Other Benefits of Performance Management *

·         Helps you think about what results you really want. You're forced to be accountable, to "put a stake in the ground".

·         Depersonalizes issues. Supervisor's focus on behaviors and results, rather than personalities.

·         Validates expectations. In today's age of high expectations when organizations are striving to transform themselves and society, having measurable results can verify whether grand visions are realistic or not.

·         Helps ensure equitable treatment of employees because appraisals are based on results.

·         Optimizes operations in the organization because goals and results are more closely aligned.

·         Cultivates a change in perspective from activities to results.

·         Performance reviews are focused on contributions to the organizational goals, e.g., forms include the question "What organizational goal were contributed to and how?"

·         Supports ongoing communication, feedback and dialogue about organizational goals. Also supports communication between employee and supervisor.

·         Performance is seen as an ongoing process, rather than a one-time, snapshot event.

·         Provokes focus on the needs of customers, whether internal or external.
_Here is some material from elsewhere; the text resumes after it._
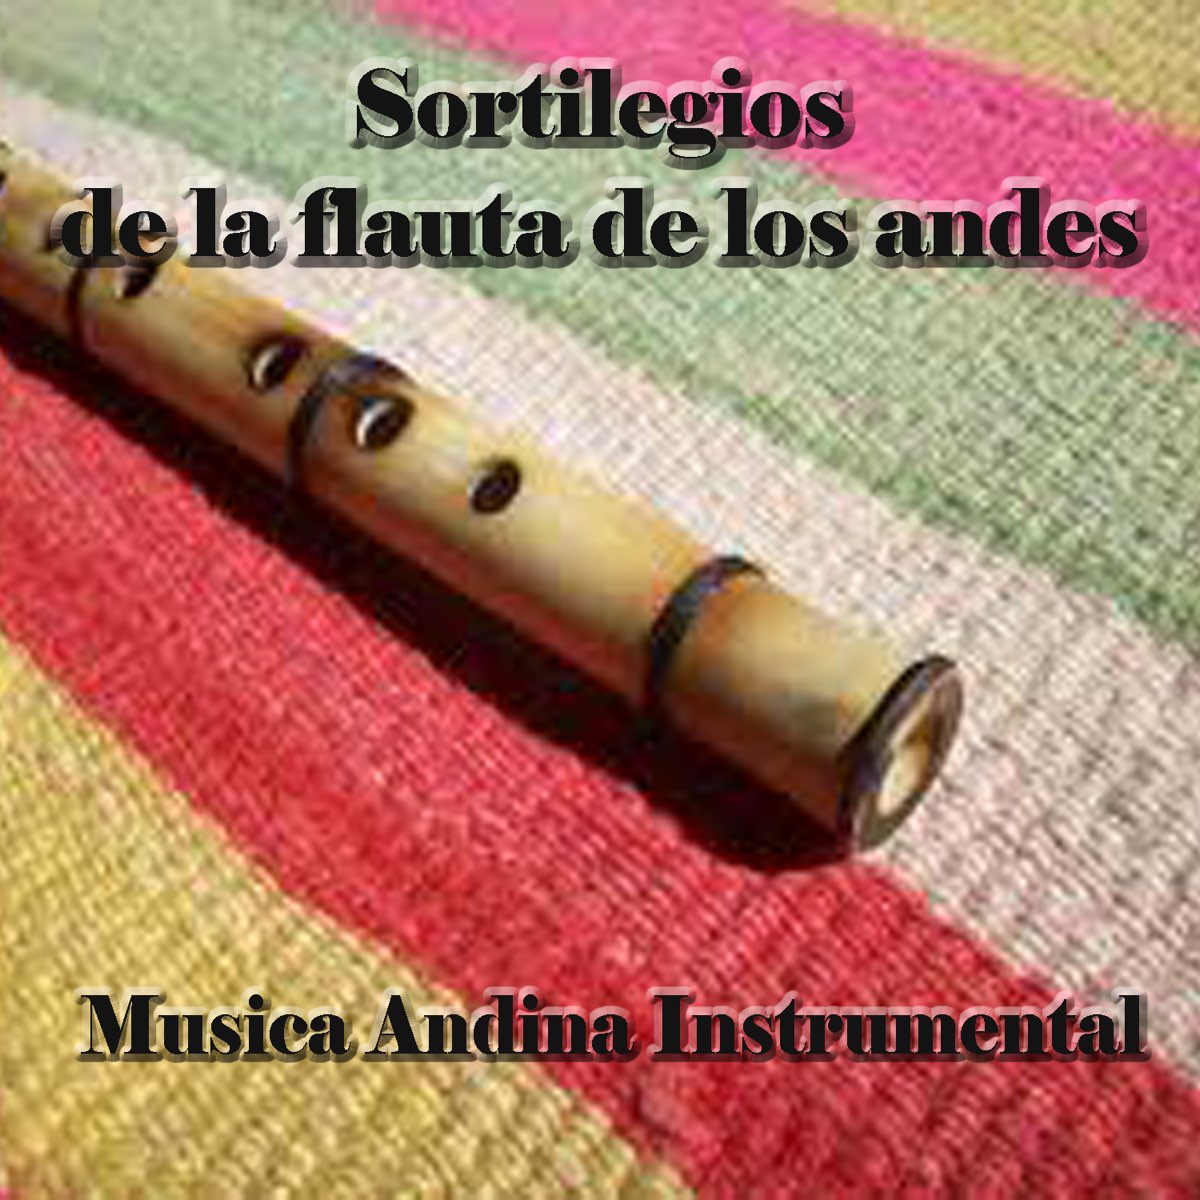 Sortilegios de la Flauta de los Andes - Música Andina Instrumental by Facio  Santillan on Apple Music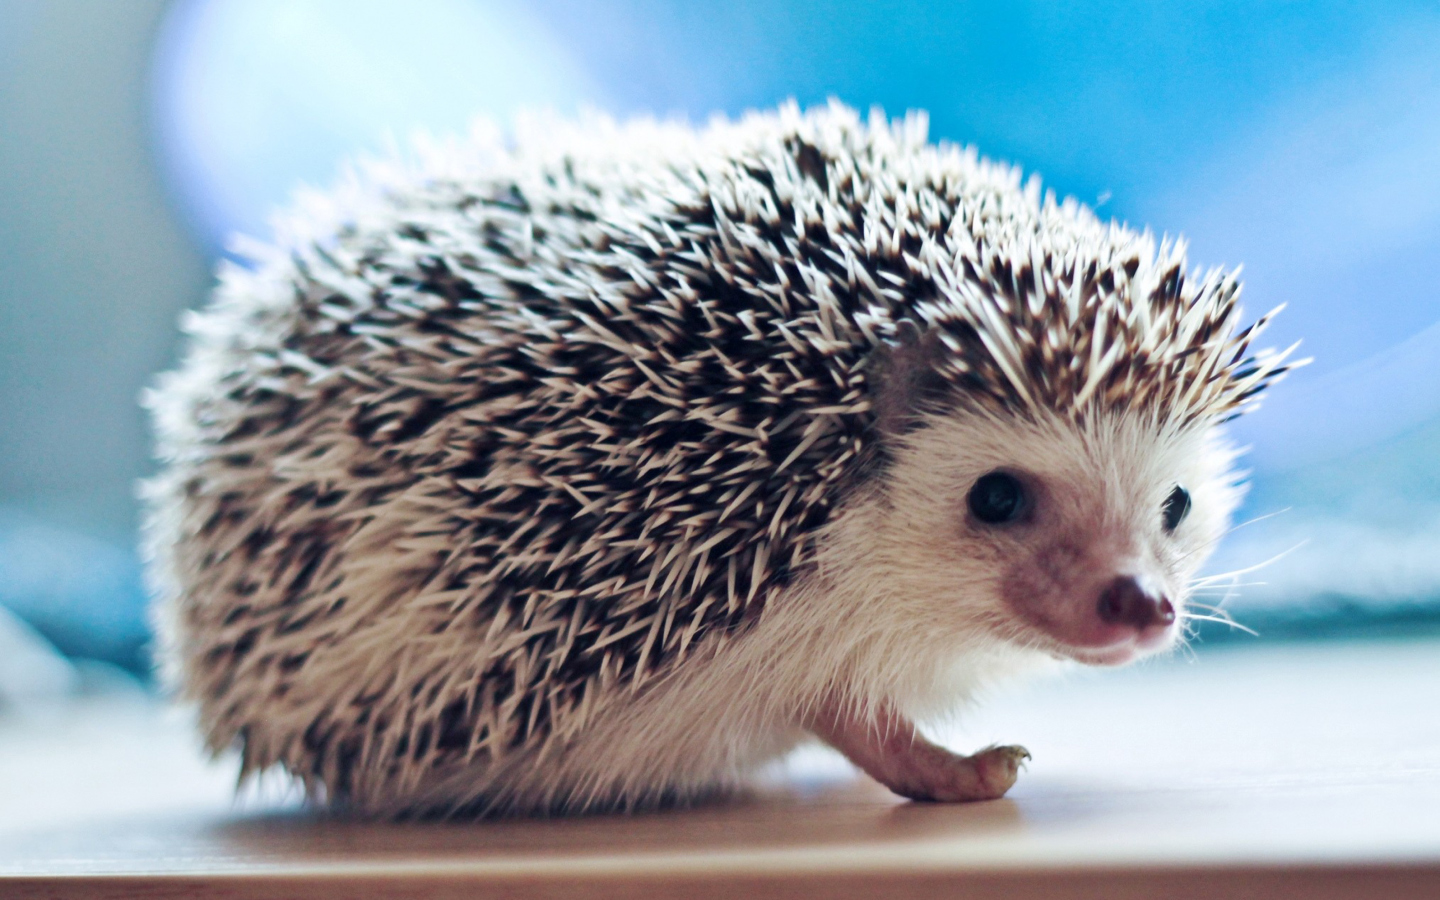 Cute Hedgehog wallpaper 1440x900

·         Cultivates a systems perspective, that is, focus on the relationships and exchanges between subsystems, e.g., departments, processes, teams and employees. Accordingly, personnel focus on patterns and themes in the organization, rather than specific events.

·         Continuing focus and analysis on results helps to correct several myths, e.g., "learning means results", "job satisfaction produces productivity", etc.

·         Produces specificity in commitments and resources.

·         Provides specificity for comparisons, direction and planning.

·         Redirects attention from bottom-up approaches (e.g., doing job descriptions, performance reviews, etc., first and then "rolling up" results to the top of the organization) to top-down approaches (e.g., ensuring all subsystem goals and results are aligned first with the organization's overall goals and results).